WORK ORDER
Across the whole listing, return each line exactly, with no images included.
------ GIVEN MATERIAL
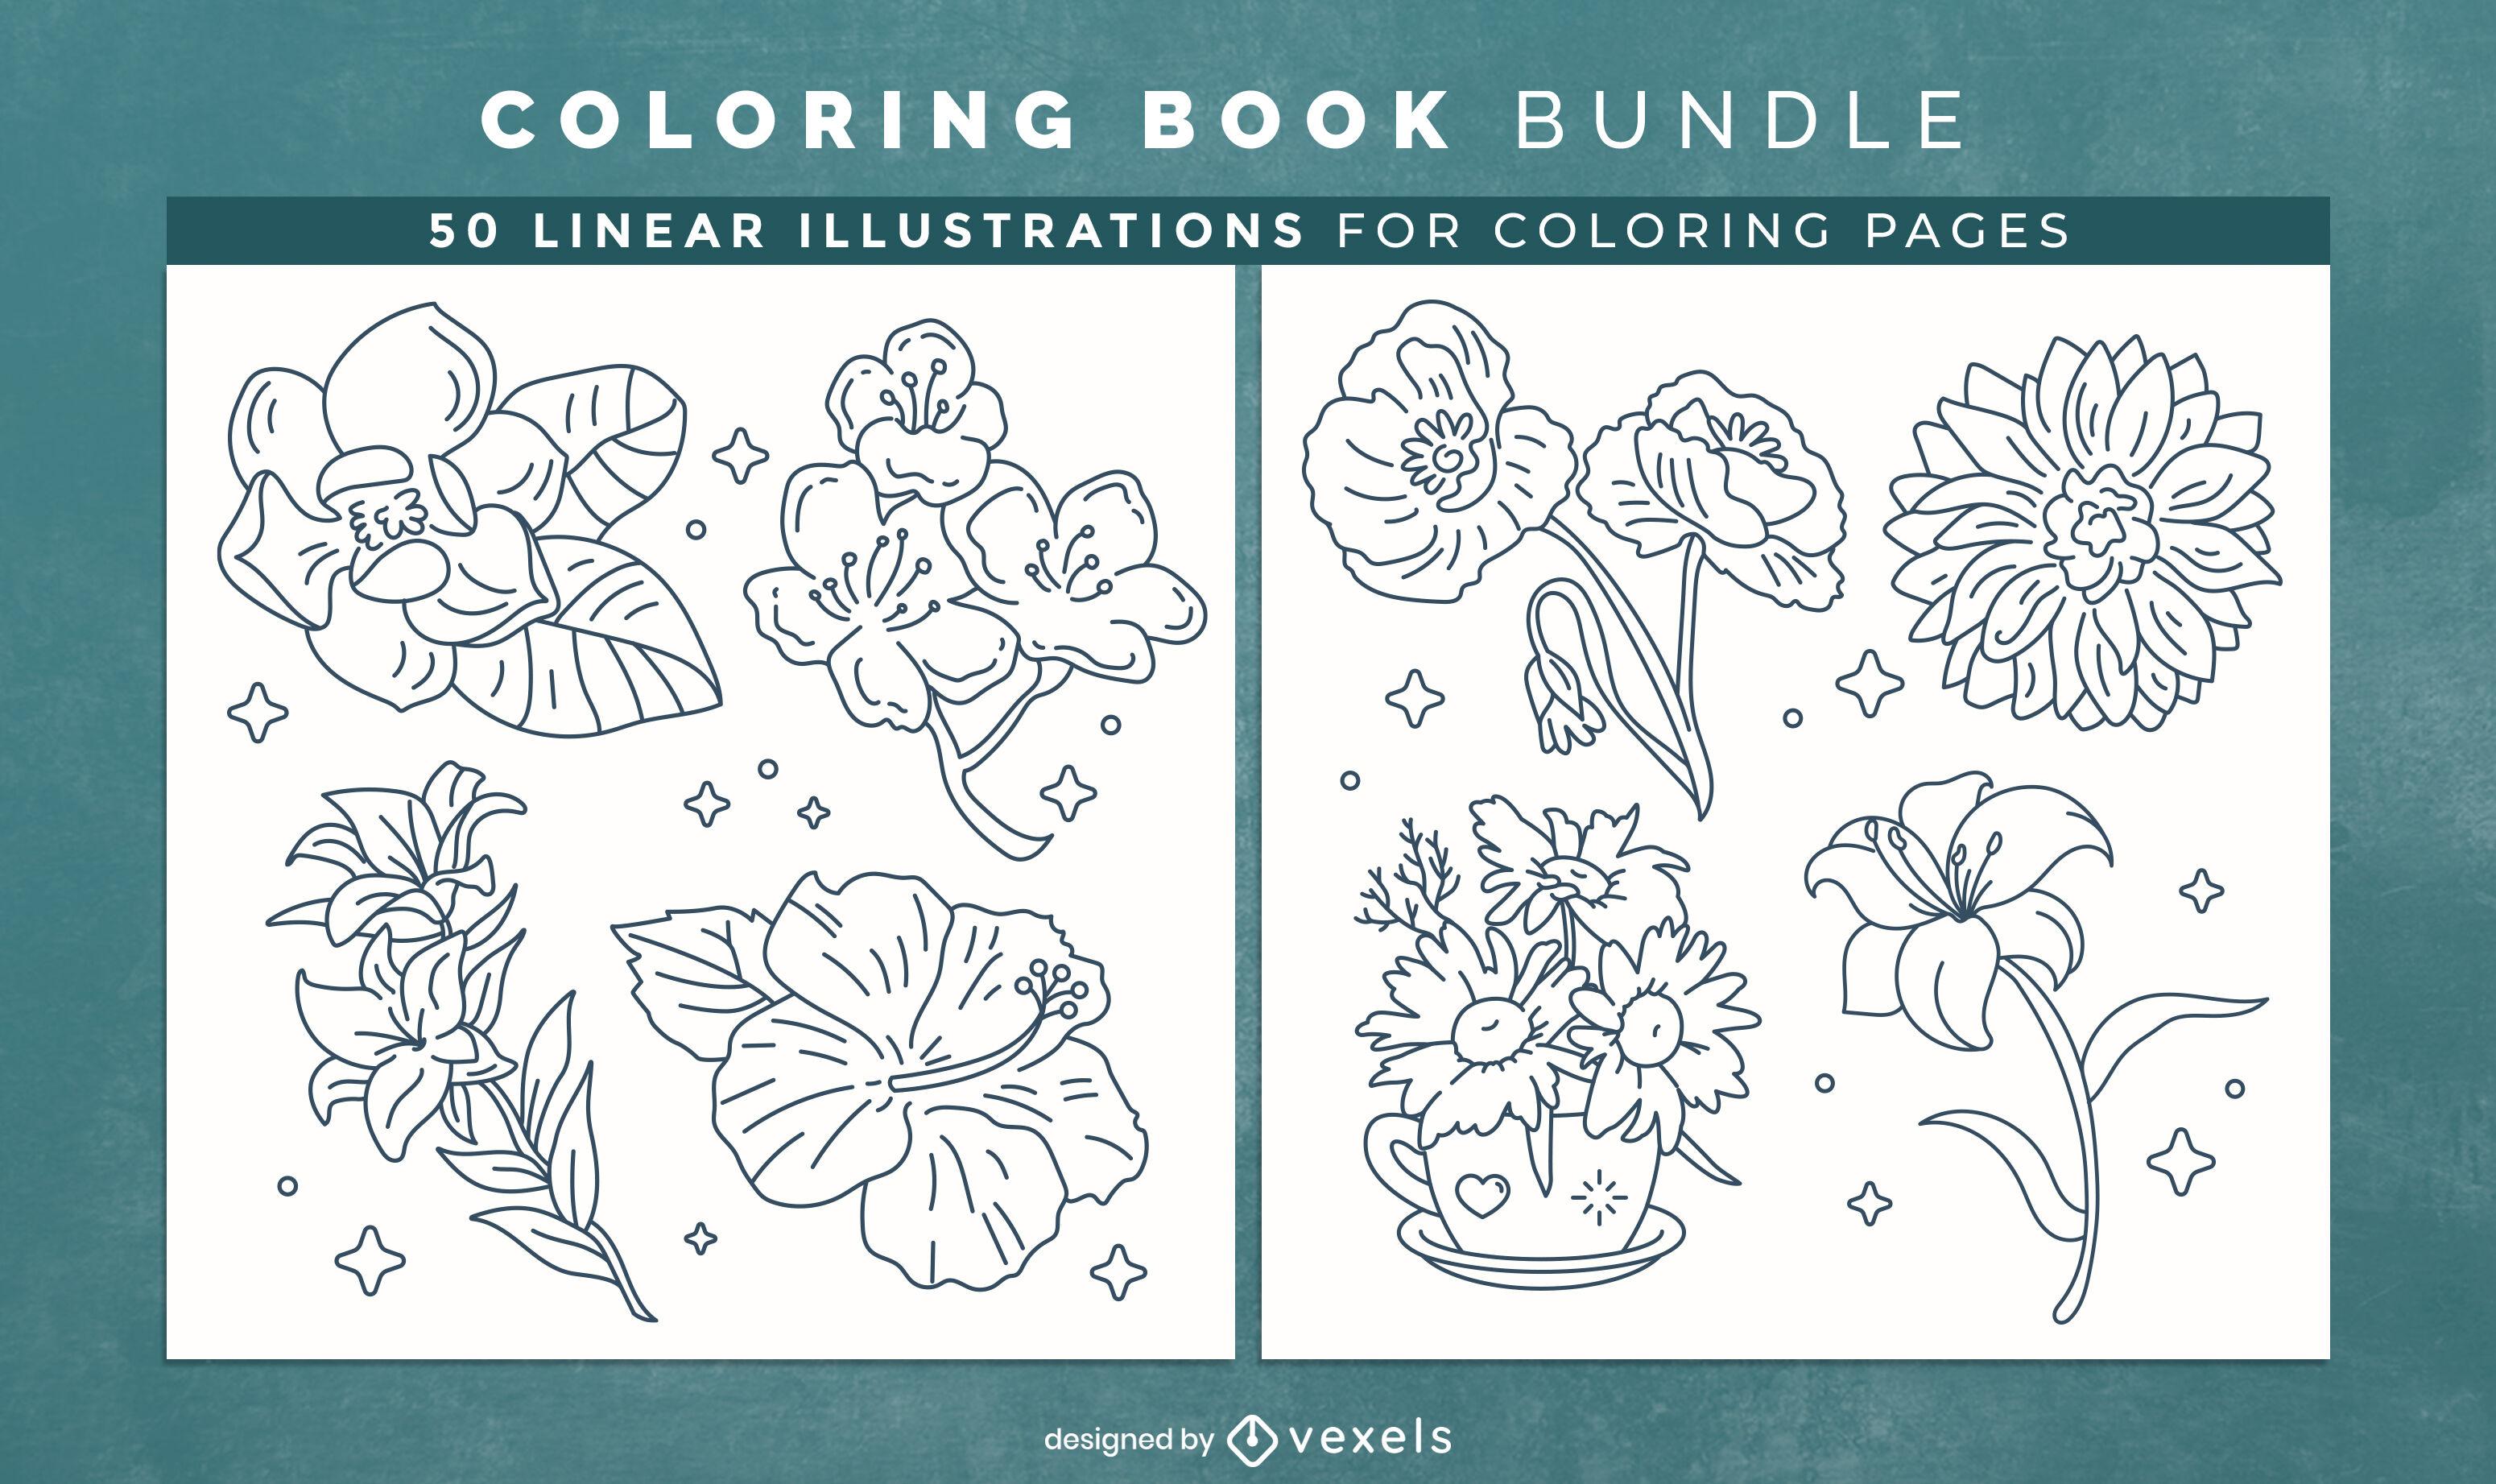 Flores para colorir livro KDP design de interiores
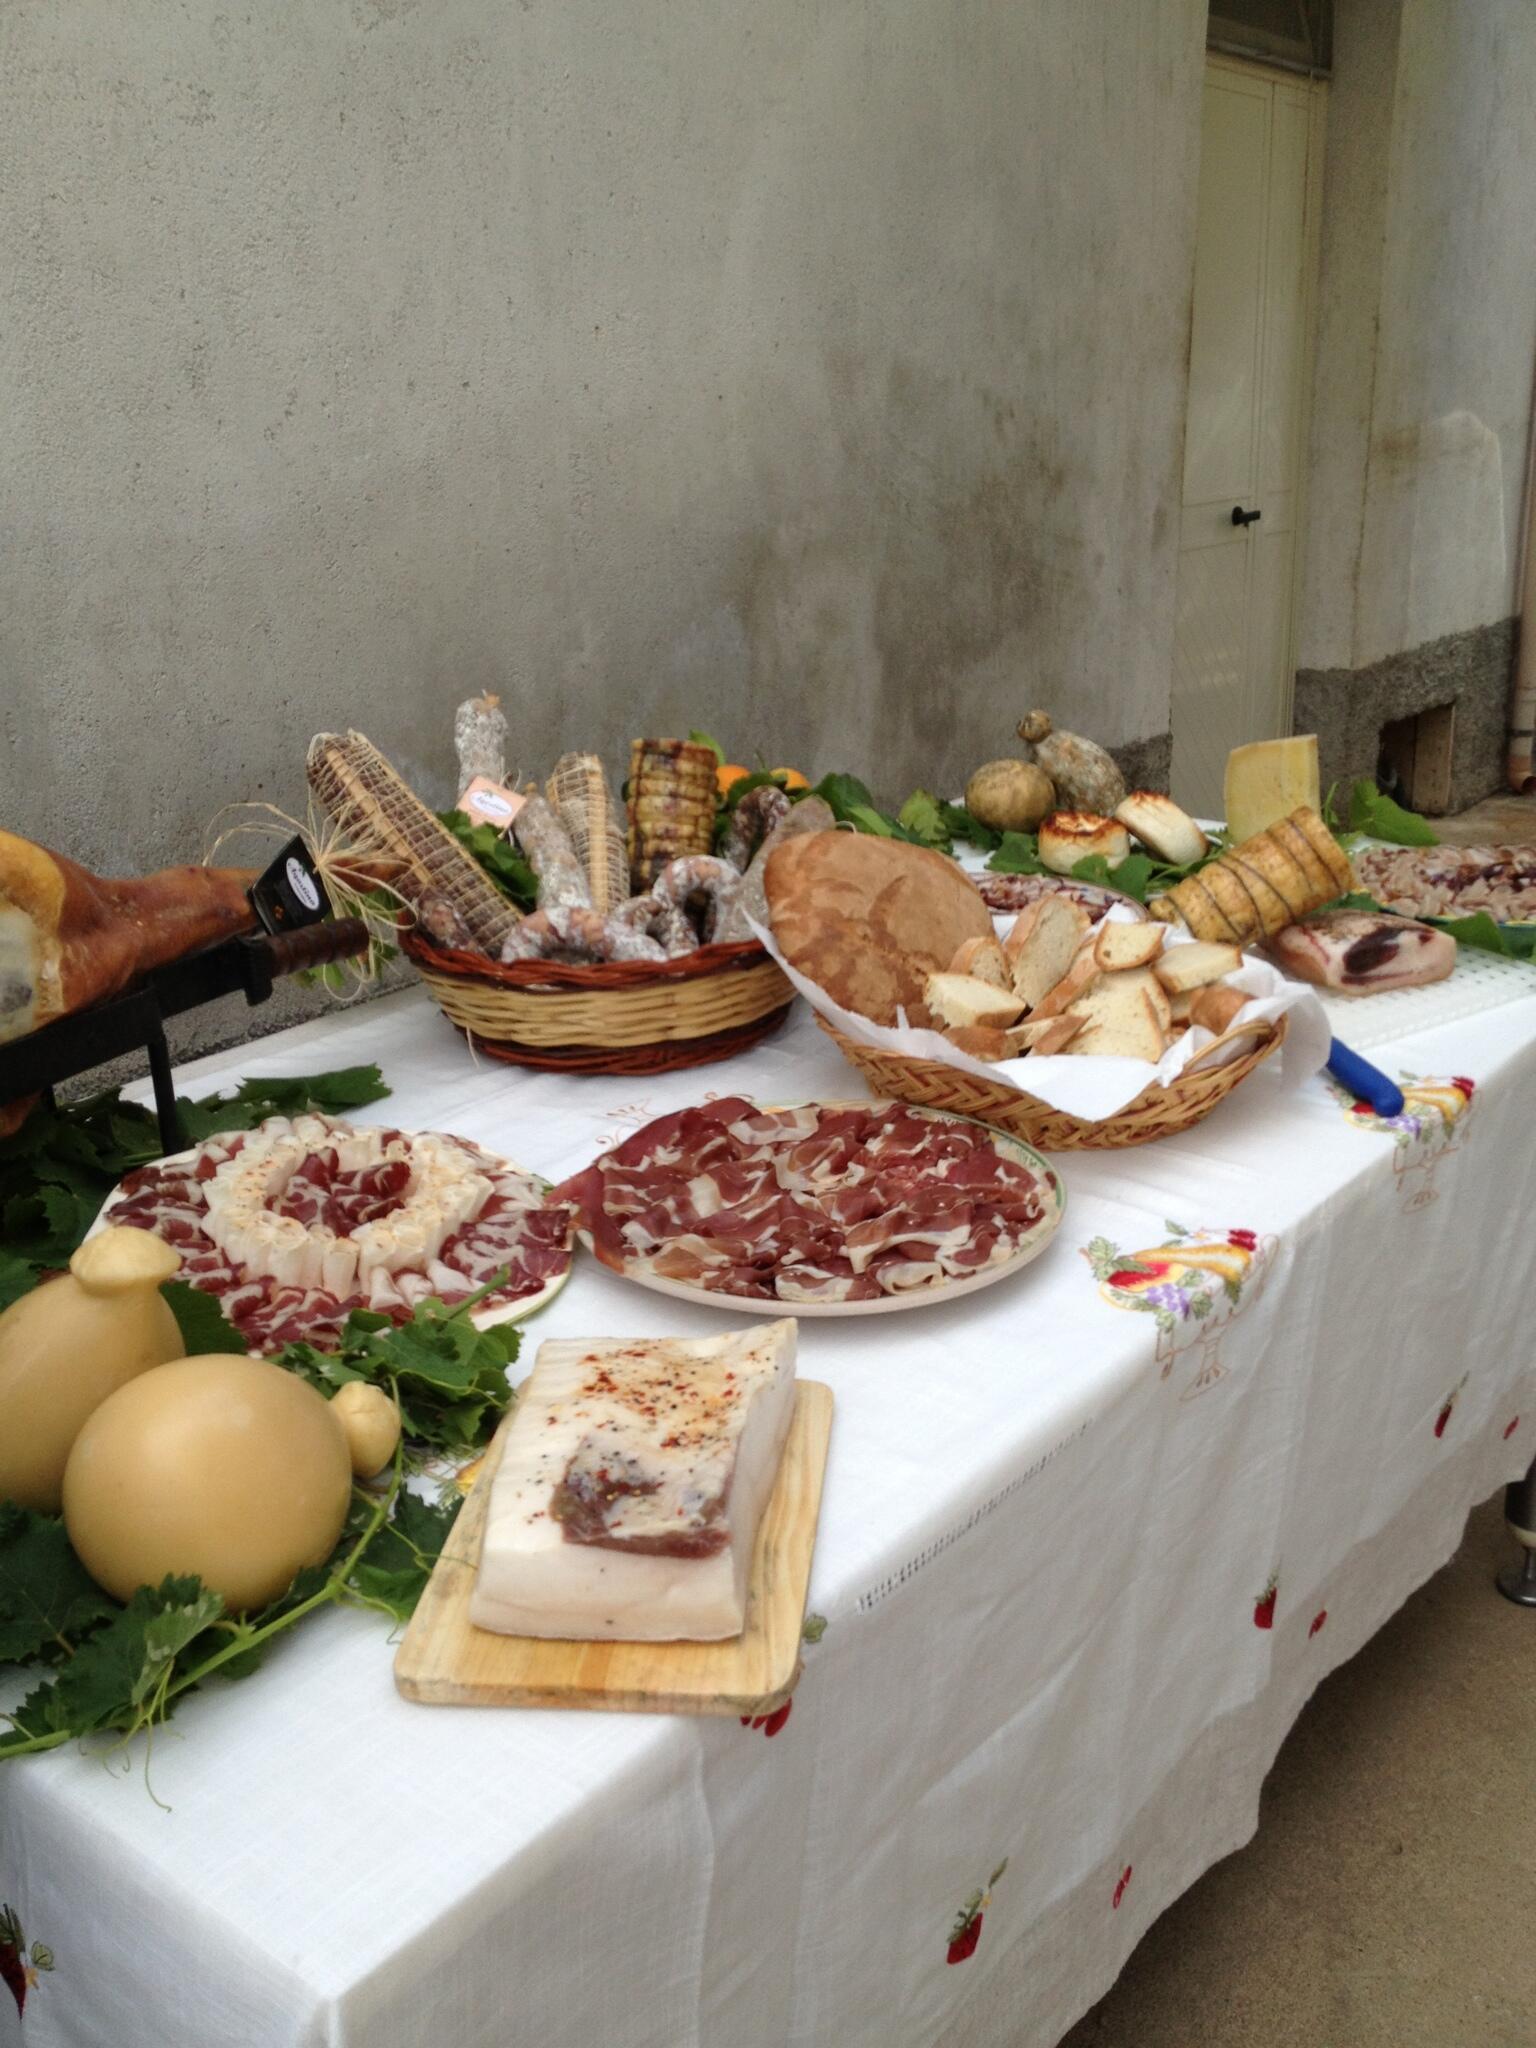 Sicily http://t.co/vi2KCdNa2Y
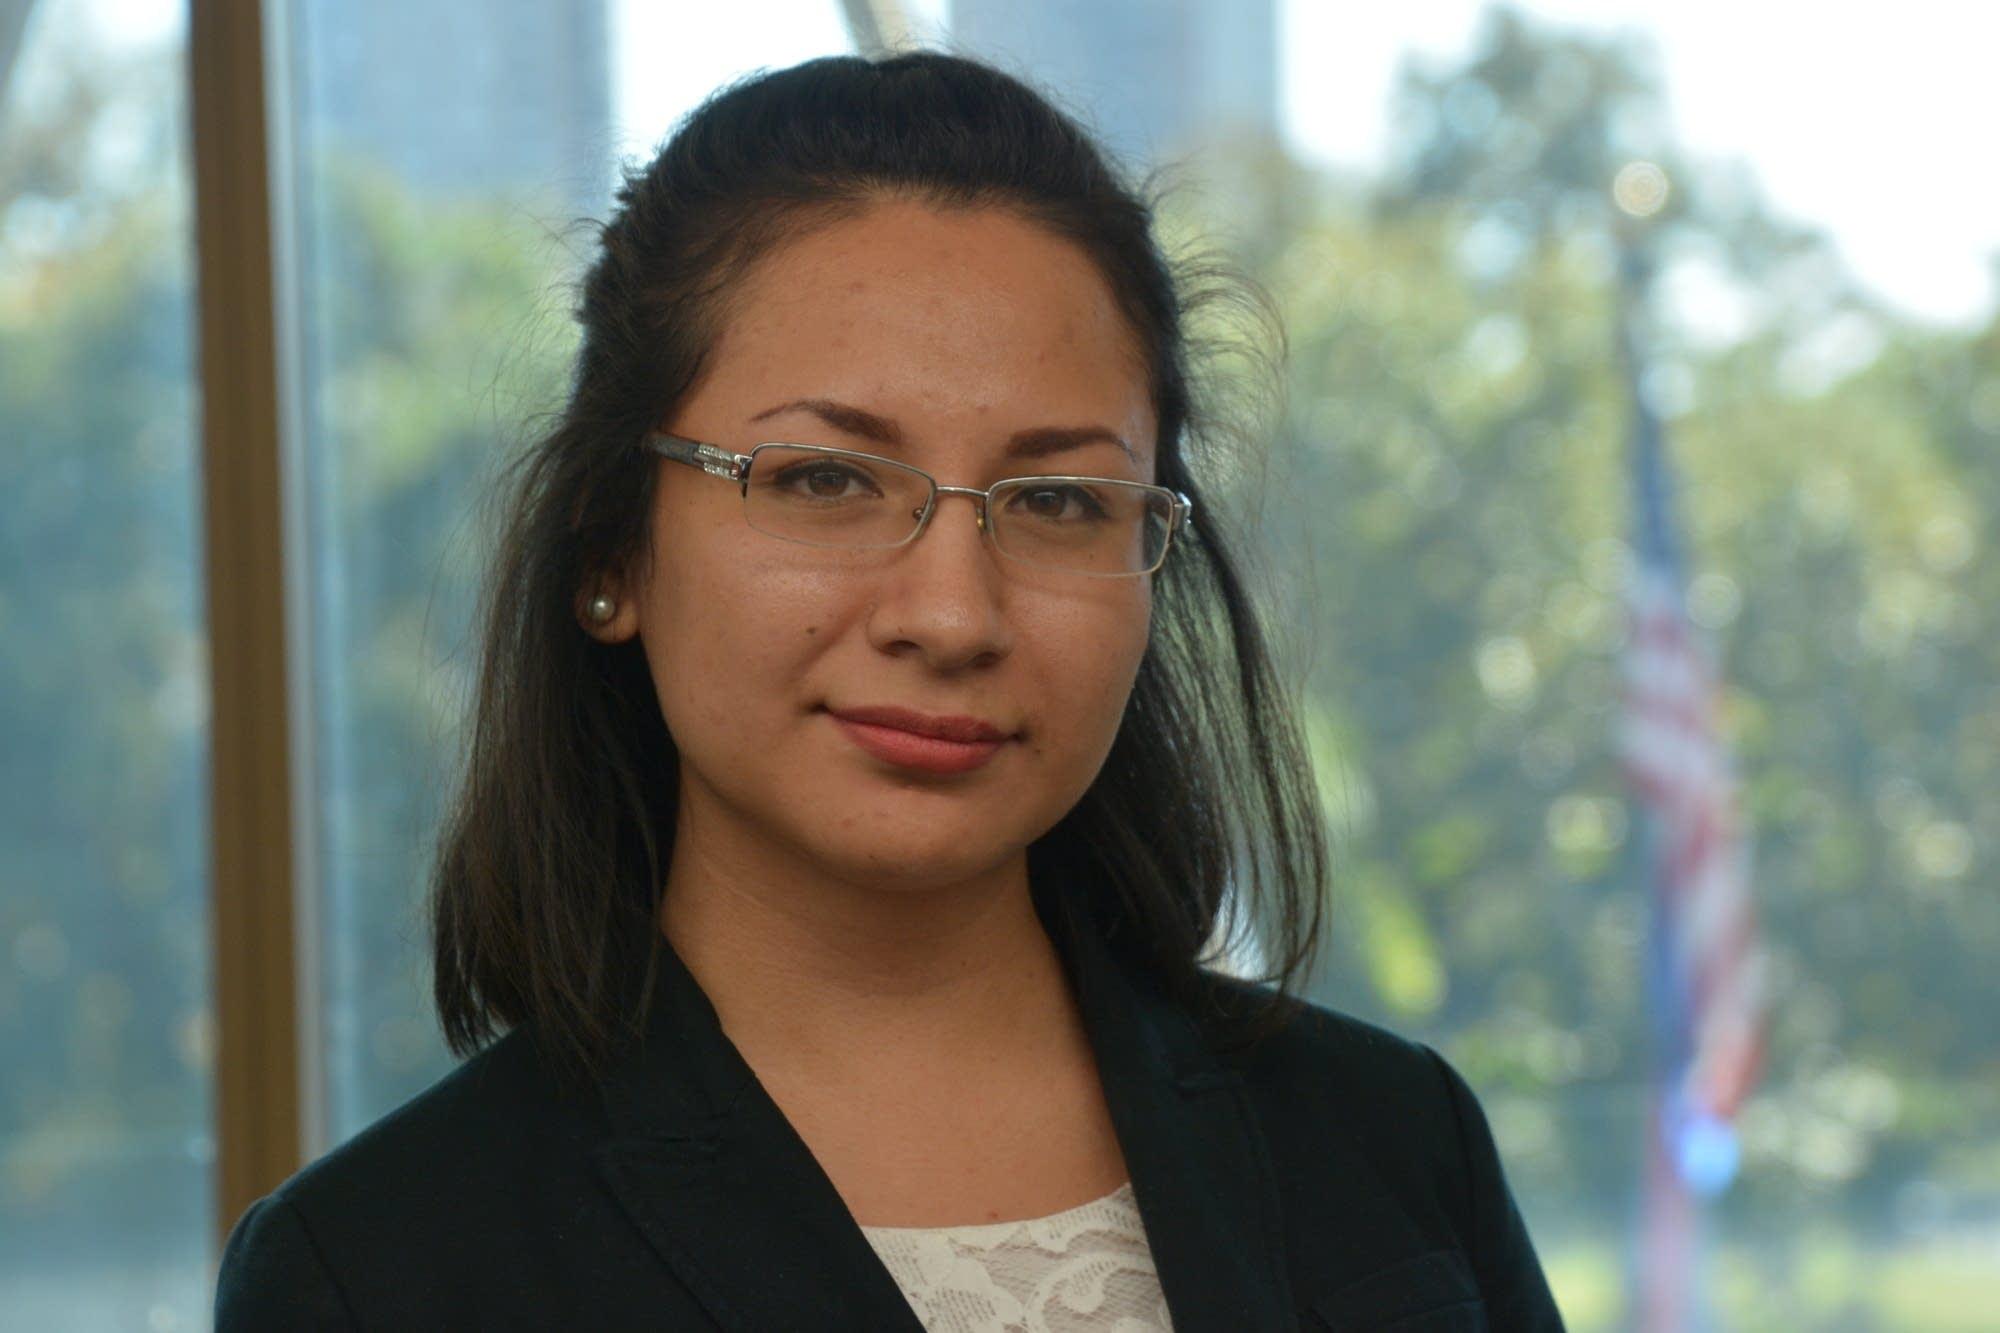 Estefania Navarro, 22, MCTC Student.
------------
SOLVED PROBLEM
 Flores para colorir livro KDP design de interiores
 Sicily http://t.co/vi2KCdNa2Y
 Estefania Navarro, 22, MCTC Student.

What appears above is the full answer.